* _Task to complete_: Return the lines of the listing below exactly as they appear, beginning at the one with "SAN CRISTOBAL DE LAS CASAS, MEXICO" and stopping after the one with "Neuer Weg (NW), Organ"; do not include pictures.

* _Record extracts_:
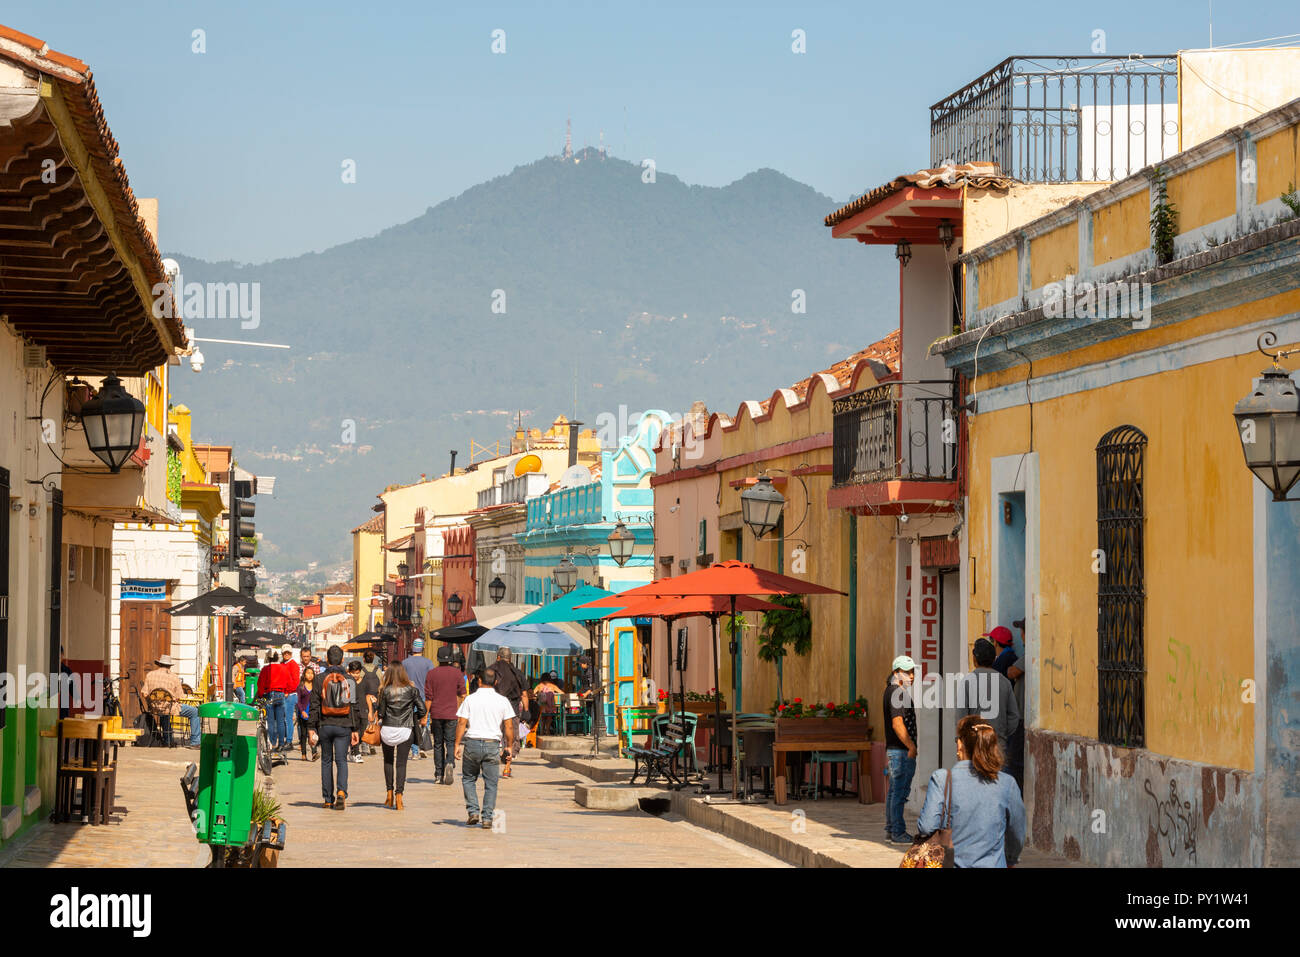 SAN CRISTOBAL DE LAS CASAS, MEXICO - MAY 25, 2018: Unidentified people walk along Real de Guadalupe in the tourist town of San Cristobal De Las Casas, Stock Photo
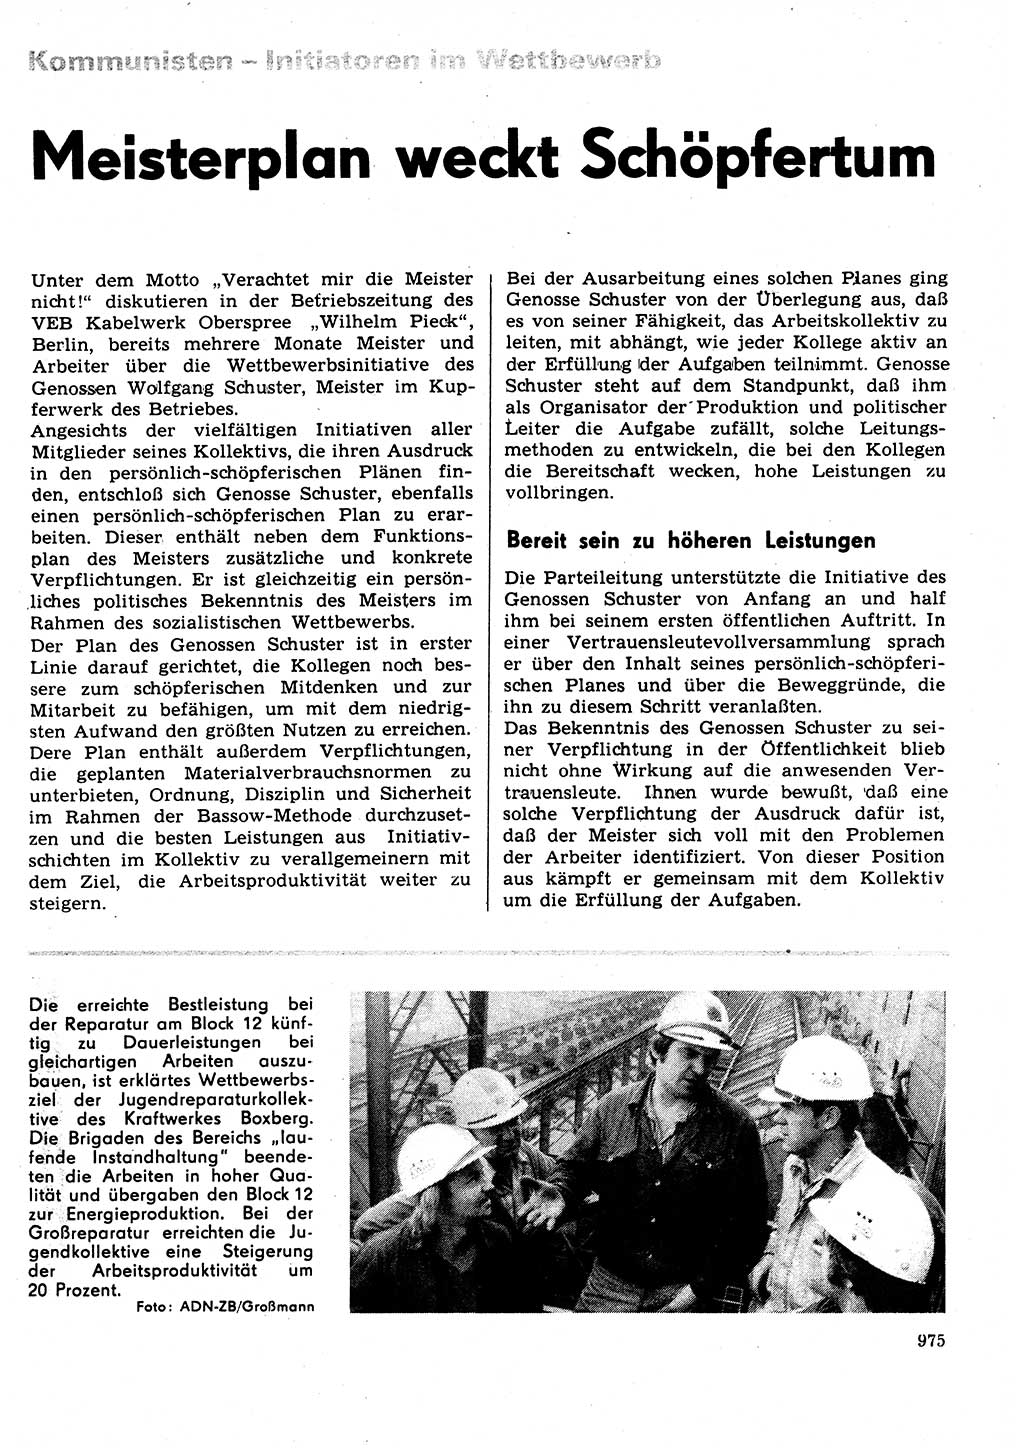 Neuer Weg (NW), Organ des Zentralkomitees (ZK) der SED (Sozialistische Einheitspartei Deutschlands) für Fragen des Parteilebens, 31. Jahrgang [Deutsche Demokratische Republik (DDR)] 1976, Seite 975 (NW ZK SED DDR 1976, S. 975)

* * *

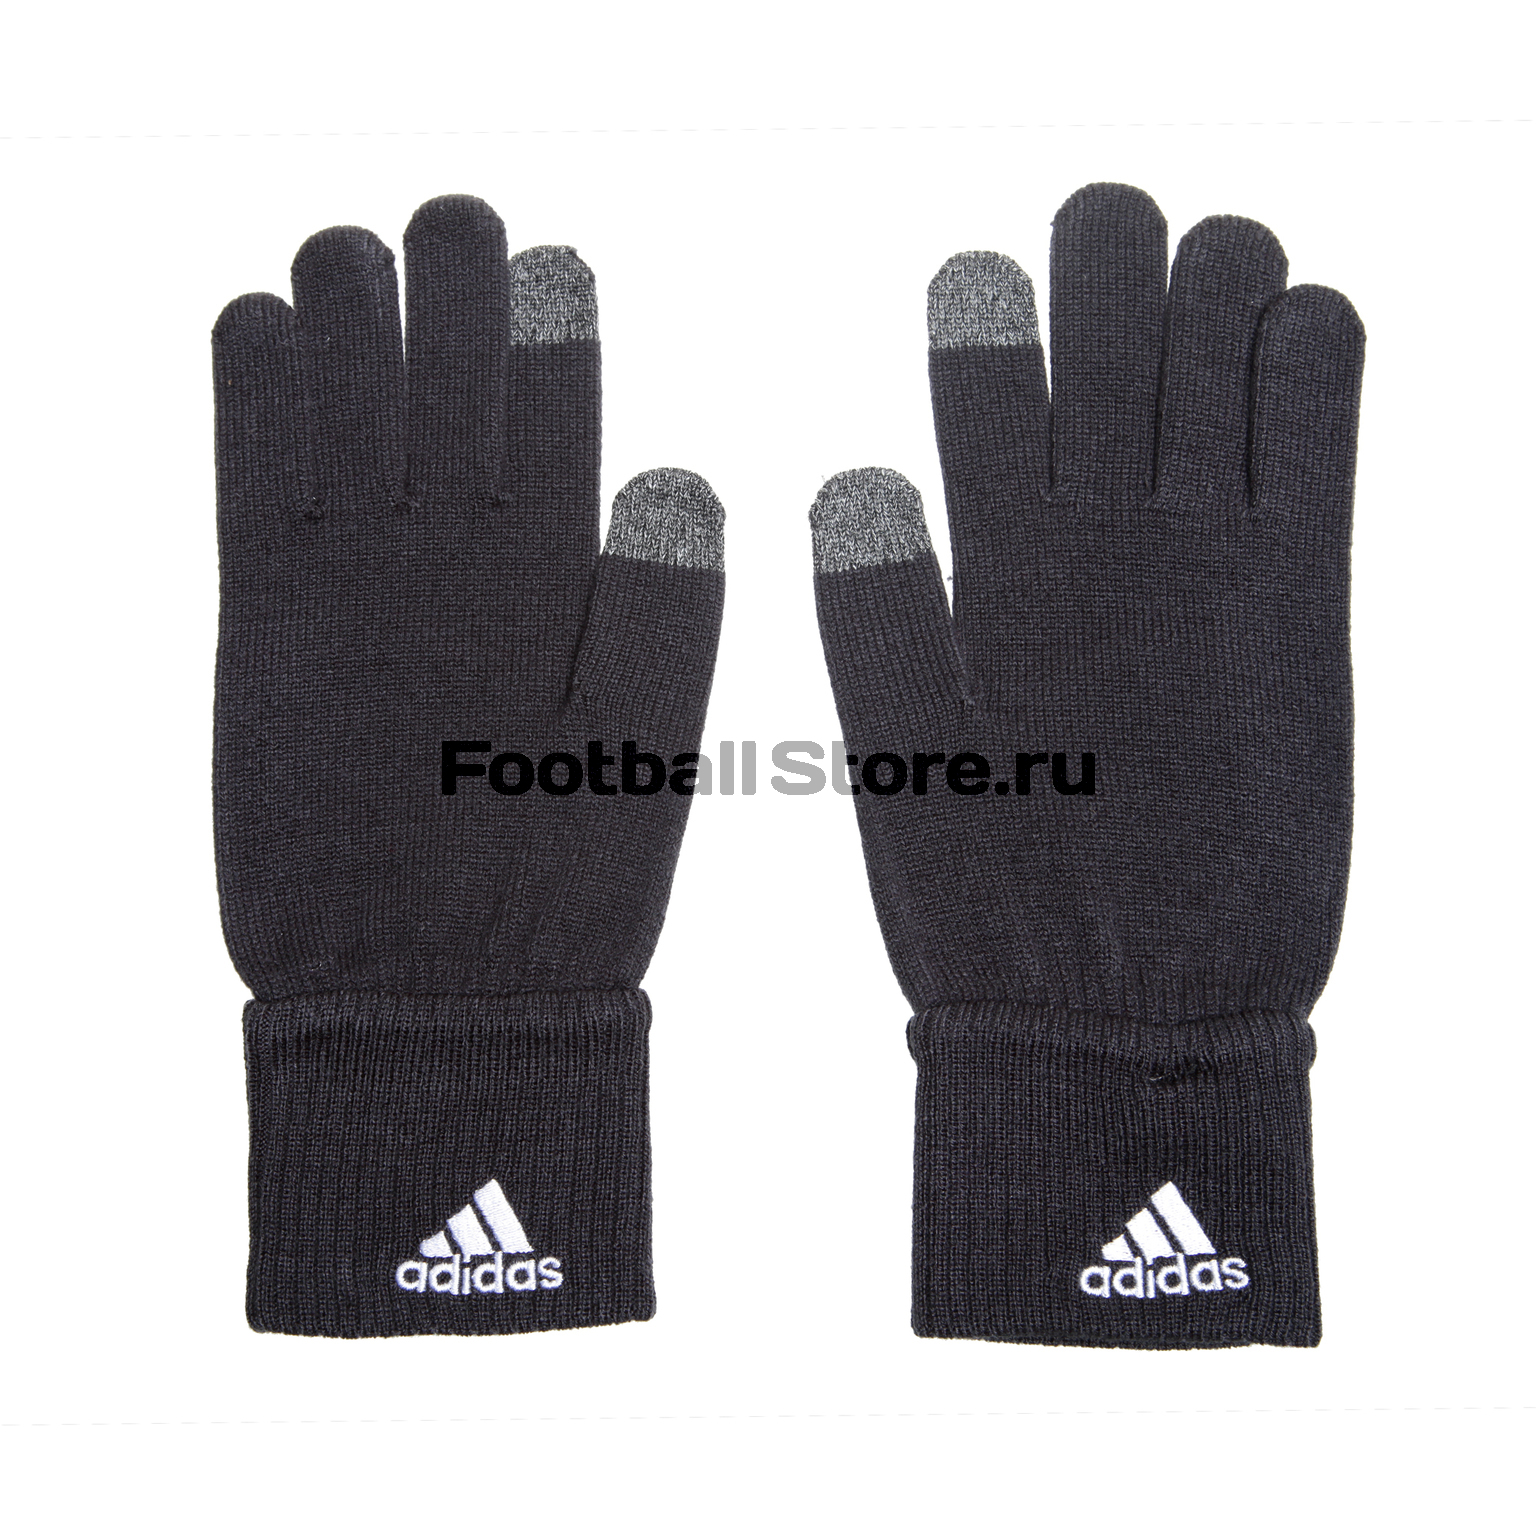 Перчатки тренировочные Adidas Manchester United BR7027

* _Reply to the task_:
 SAN CRISTOBAL DE LAS CASAS, MEXICO - MAY 25, 2018: Unidentified people walk along Real de Guadalupe in the tourist town of San Cristobal De Las Casas, Stock Photo
 Neuer Weg (NW), Organ des Zentralkomitees (ZK) der SED (Sozialistische Einheitspartei Deutschlands) für Fragen des Parteilebens, 31. Jahrgang [Deutsche Demokratische Republik (DDR)] 1976, Seite 975 (NW ZK SED DDR 1976, S. 975)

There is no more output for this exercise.